処世若大夢胡為労其生

ギター講師兼作家、八幡謙介の日常ブログ。音楽とアニメ以外のこと。

「文章を練る」という言葉を物書きは使わない

以前から気になっていた言葉があります。

それは「文章を練る」です。

昔から使われていますが、若い頃は意味がわからないのは自分が文章が書けないせい、読解力が足りないせいだと思ってそのままにしていました。

自分のレベルが上がったら「文章を練る」が分かってくるのだろう、と。

しかし、実際に文章を書き、それが仕事の一部になり、読解力もついてきましたが、それでも「文章を練る」の意味はいまだに分かりません。

ここまで来てもまだ分からないということは、たぶん意味がないからでしょう。

ということで、そろそろこの「文章を練る」を、実体のない言葉として葬っておこうと思います。

 

そもそも、「練る」とはどういうことでしょうか?

辞書を引いてみました。

 

  • 堅い物、粗い物を、こねたりたたいたりすったりして、柔らかくきめ細かにする。
  • 水を加えたり火にかけたりして、かき混ぜる、また、こね固める。
  • 絹を灰汁で煮て柔らかくする。
  • 列を整えて歩く。

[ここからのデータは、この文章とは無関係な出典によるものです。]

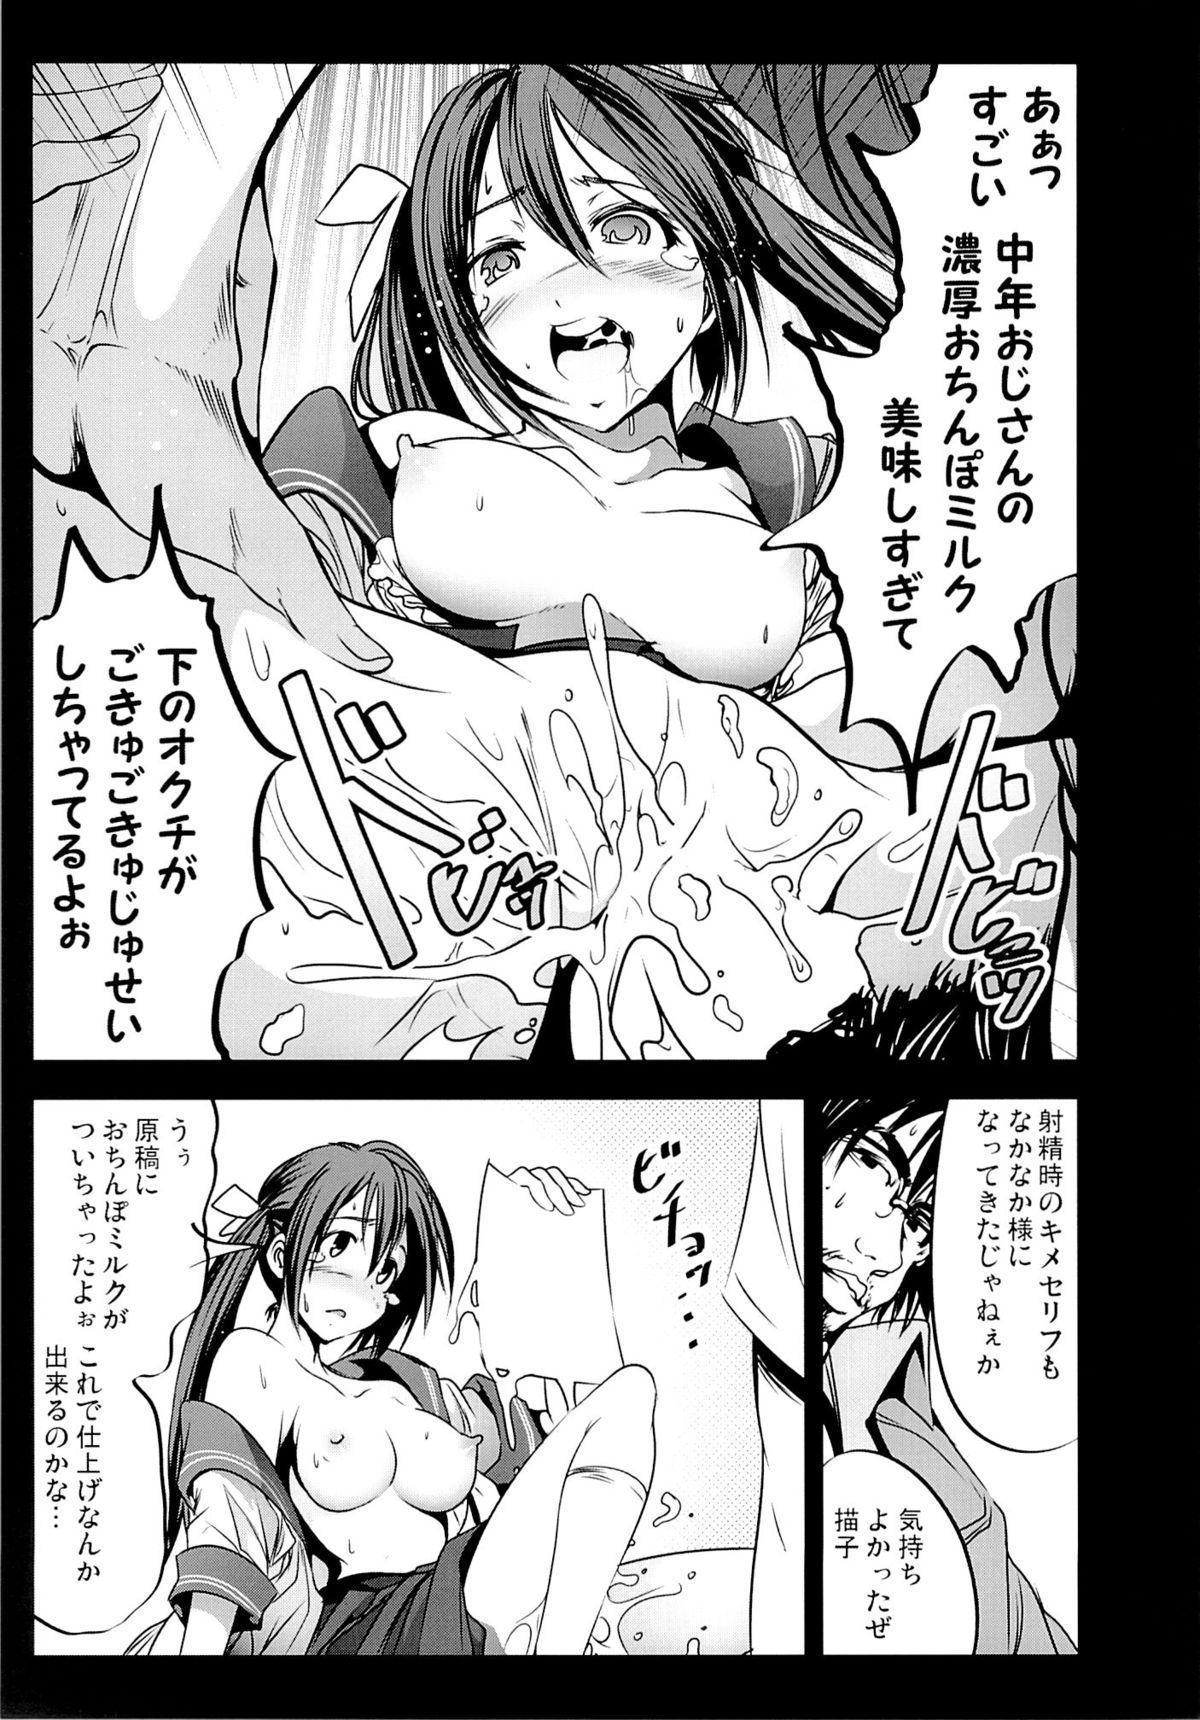 H na Doujinshi no Kakikata 21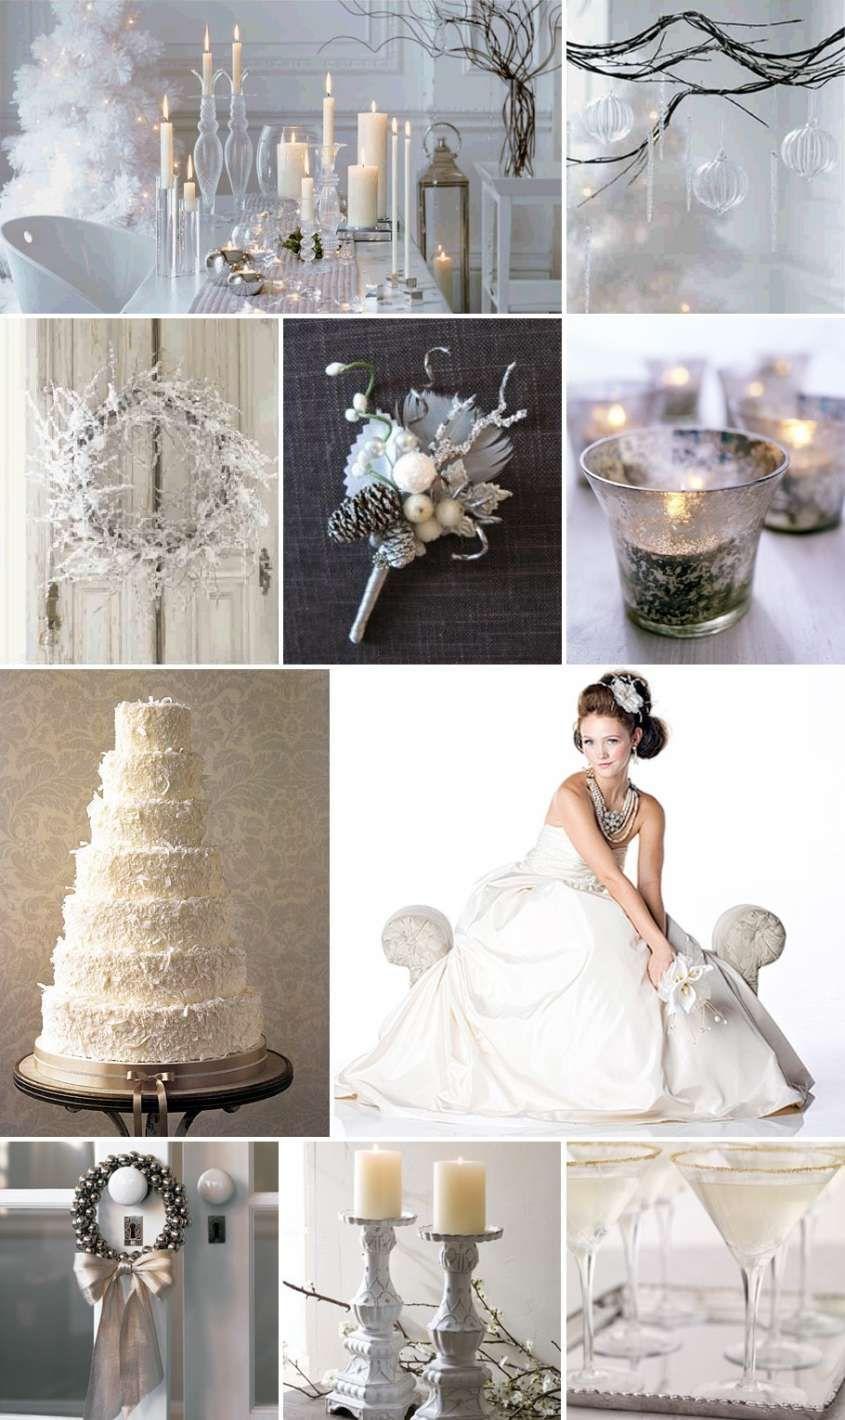 Matrimonio A Natale Idee : Matrimonio a natale idee matrimonio a natale in bianco Ślubne

隊伍を組んで行進する。

 

上記ふたつがそれっぽい感じがします。

まず、「堅い文章、粗い文章を、こねたりたたいたりすったりして、柔らかくきめ細かにする」と、ごてごてと装飾された独りよがりの文章になります。

次、「水を加えたり火にかけたりして、かき混ぜる、また、こね固める」

こちらはちょっと抽象的ですが、要するにあれこれとこねくり回して工夫するということでしょうか。

これも代表的な悪文製作法です。

それ以外に「練る」という作業が存在するのか、あるいは「文章を練る」はもっと違うことなのか、僕には分かりません。

しかし、自分の作業に照らし合わせて、どう考えても文章は「練る」ものではないと断言できます。

 

では文章とはどう作っていくものなのか?

いい文章とはどういう作業工程でつくられるものなのか?

私見ですが、文章は「削る」ものです。

自分が書くときも、間違いなく削るという行程が入りますし、読む場合も、足し方よりも削り方に知性の深みを感じます。

俗に言う簡潔な文章というやつです。

余計なものを削った文章は、鋭角的で、輝きがあり、威厳を持ち、深みを感じさせます。

 

じゃあなんで「文章を削る」「この作家は文章が削れていない」と言わないのでしょうか?